» Data for this exercise:

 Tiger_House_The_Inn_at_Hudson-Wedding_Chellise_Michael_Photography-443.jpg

==

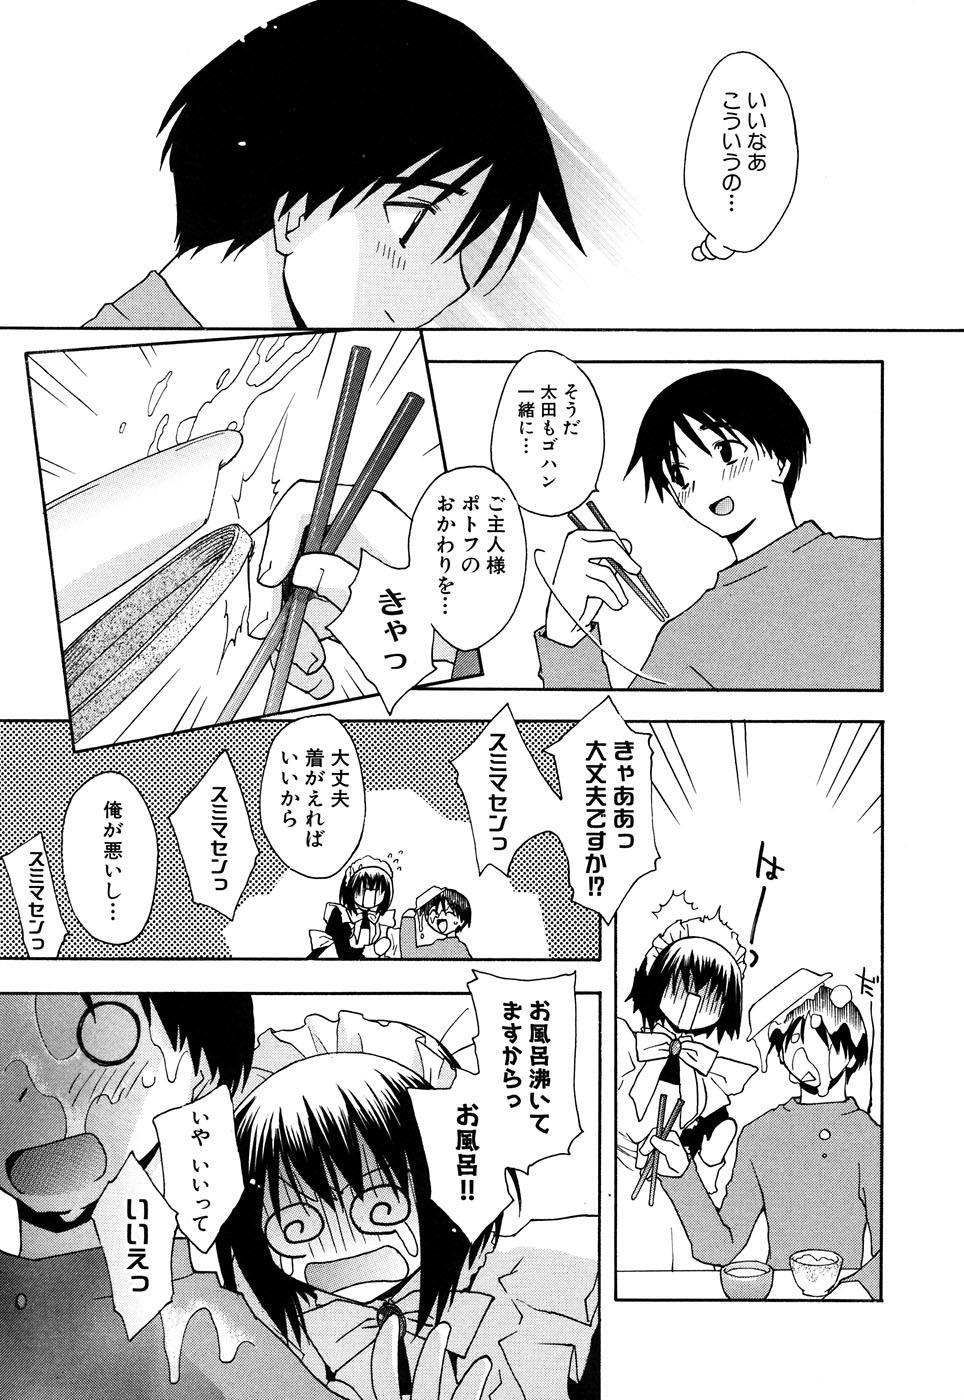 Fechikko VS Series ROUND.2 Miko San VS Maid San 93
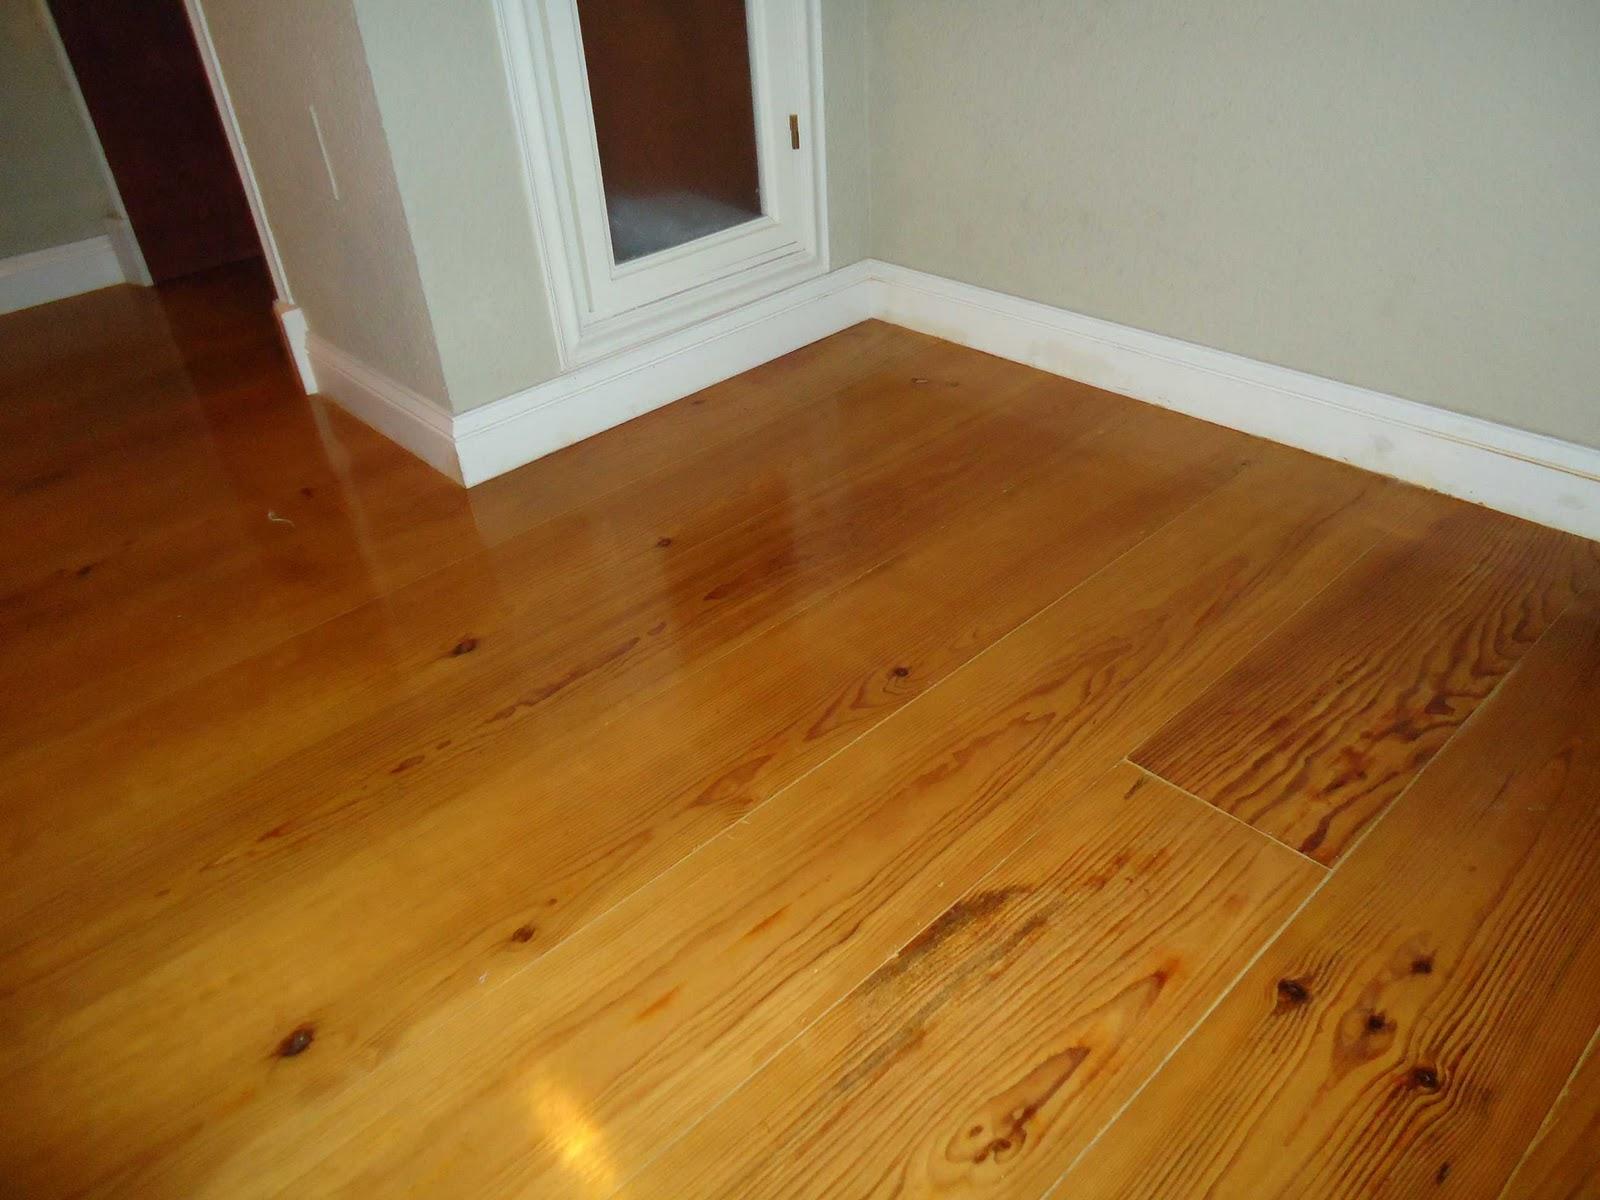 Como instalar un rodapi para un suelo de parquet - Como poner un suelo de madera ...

» The problem: Every line above from the one with "Fechikko VS Series" down to the one with "Como instalar un" must be written out exactly, and no picture may appear.

» Solution for this exercise:
 Fechikko VS Series ROUND.2 Miko San VS Maid San 93
 Como instalar un rodapi para un suelo de parquet - Como poner un suelo de madera ...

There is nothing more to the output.